Mientras en México millones de ciudadanos enfrentan inseguridad, hospitales saturados y falta de apoyo social, el gobierno de Claudia Sheinbaum decidió gastar 25 millones de pesos del erario en imprimir millones de libros… no para los mexicanos, sino para regalarlos en países como Cuba y Venezuela. Un lujo ideológico financiado con dinero público que vuelve a encender la indignación nacional.
El dinero salió del Instituto para Devolver al Pueblo lo Robado y fue entregado al Fondo de Cultura Económica, tras una solicitud directa de su director, en un proyecto que prometía distribuir 2.5 millones de libros en América Latina. Sin embargo, ni siquiera existe evidencia clara de que estos libros hayan llegado a su destino, dejando dudas sobre el verdadero uso de los recursos públicos.

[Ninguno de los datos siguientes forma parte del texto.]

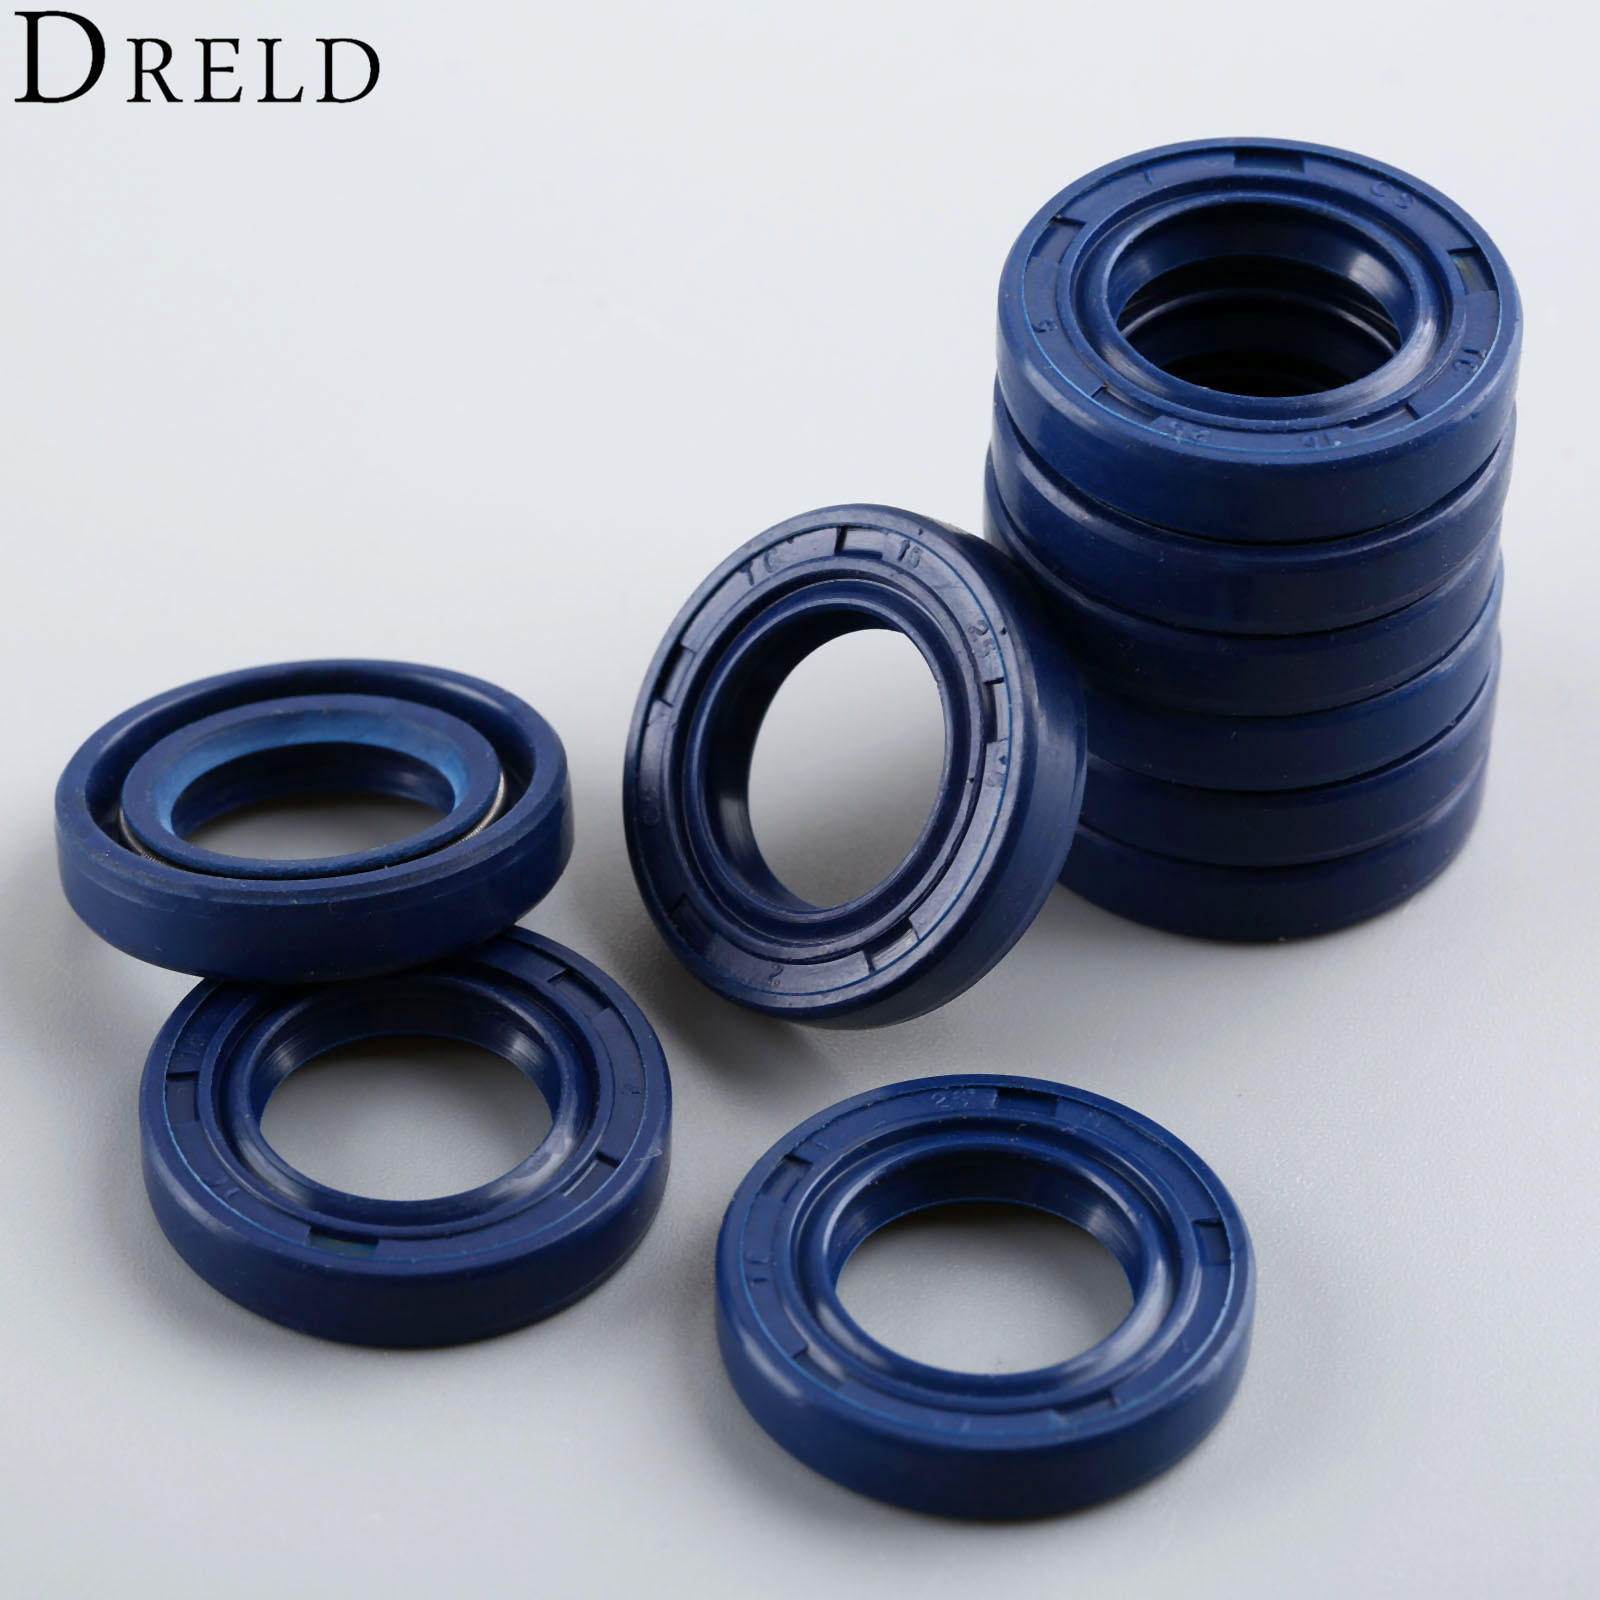 DRELD 10Pcs/lot Chainsaw Oil Seal Kit For STIHL MS250 MS230 MS210 MS180 MS170 017 018 021 023 025 Chainsaw Parts # 9638 003 1581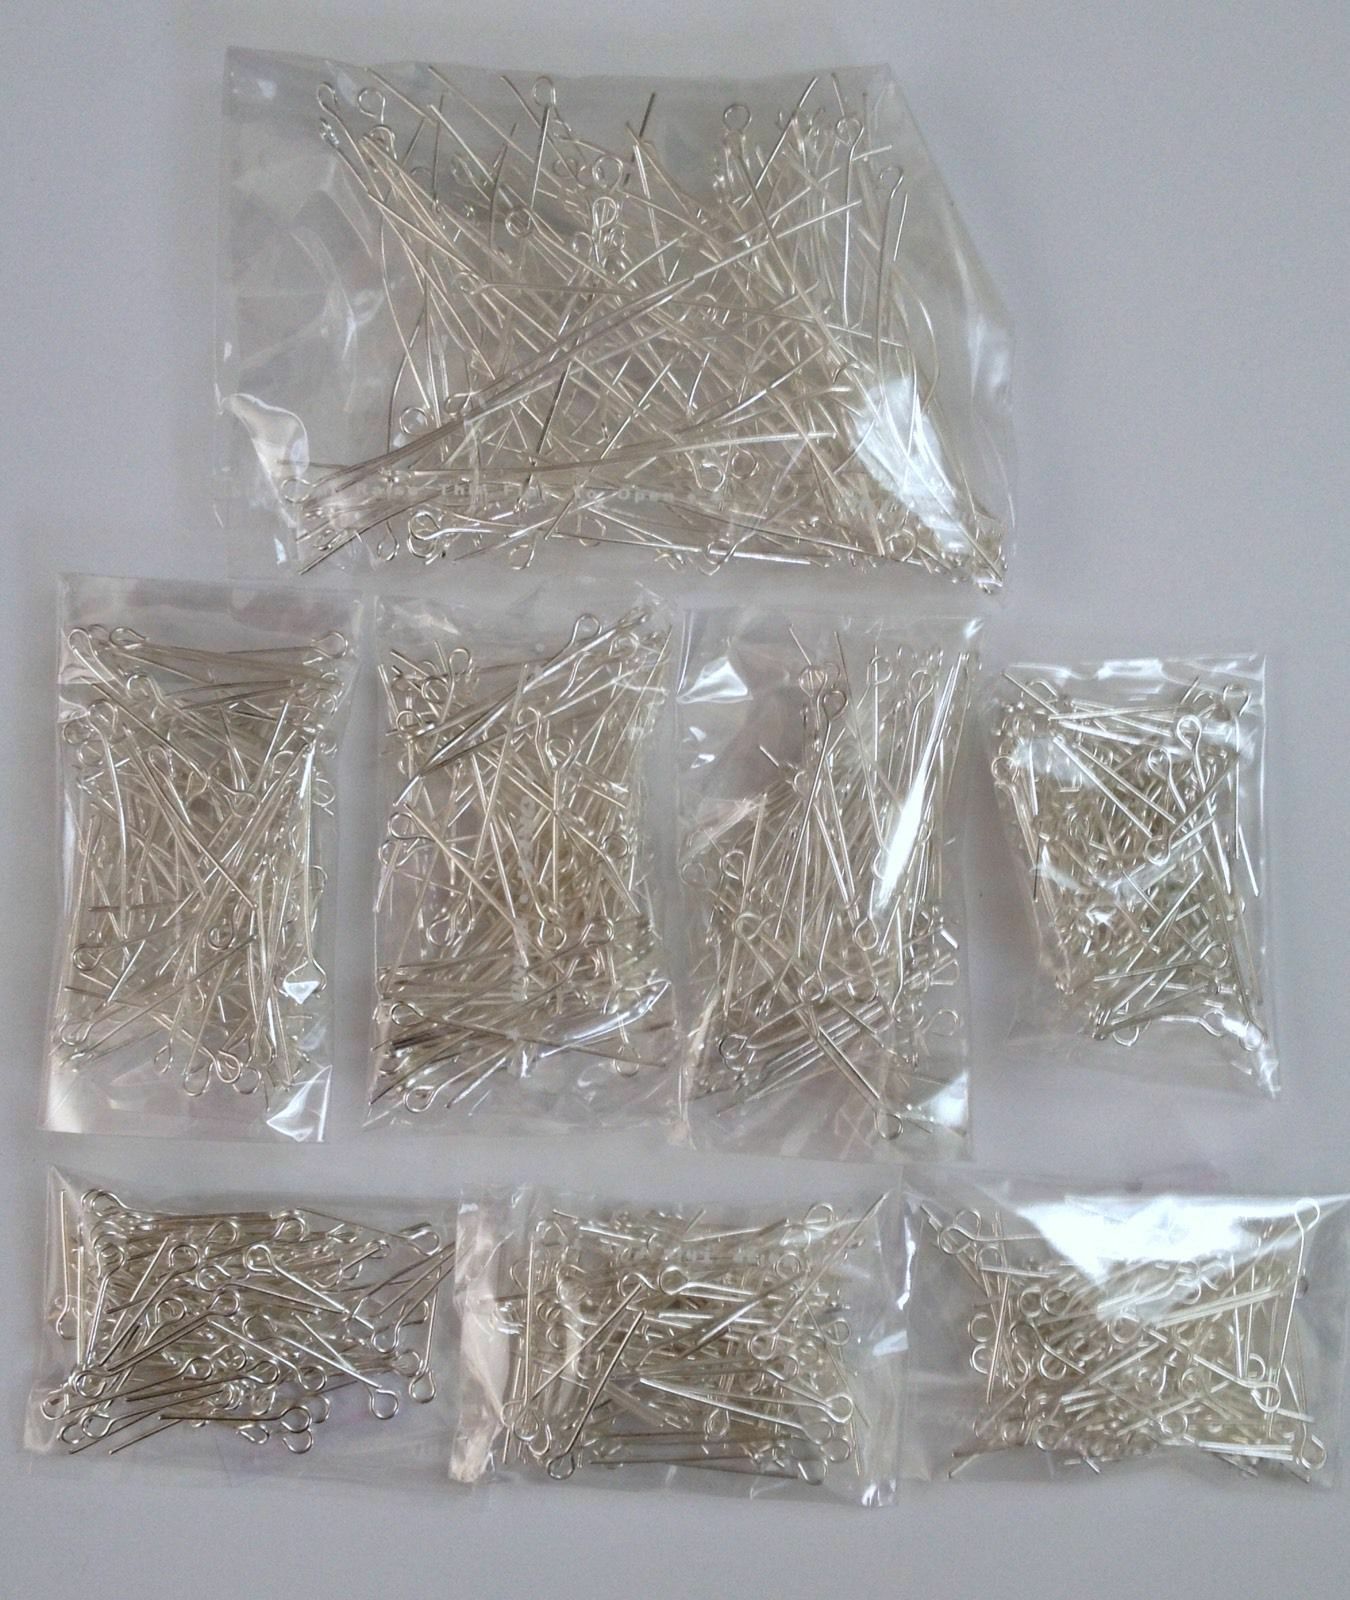 New 700 Pcs 7 Size Silver Plated Eye Pins Jewelry 16 18 20 22 26 28 30 Mm #36

Lo que más indigna es el contraste brutal: mientras el gobierno destina millones a proyectos internacionales con tintes políticos, comunidades mexicanas siguen abandonadas, con apoyos mínimos y necesidades urgentes sin resolver. Para muchos, esto confirma una prioridad clara: primero la agenda ideológica y el protagonismo internacional, y después —muy después— los propios ciudadanos.
El mensaje es devastador: el dinero que debería servir para mejorar la vida de los mexicanos termina financiando proyectos en el extranjero, mientras el país enfrenta una de sus peores crisis de seguridad y bienestar.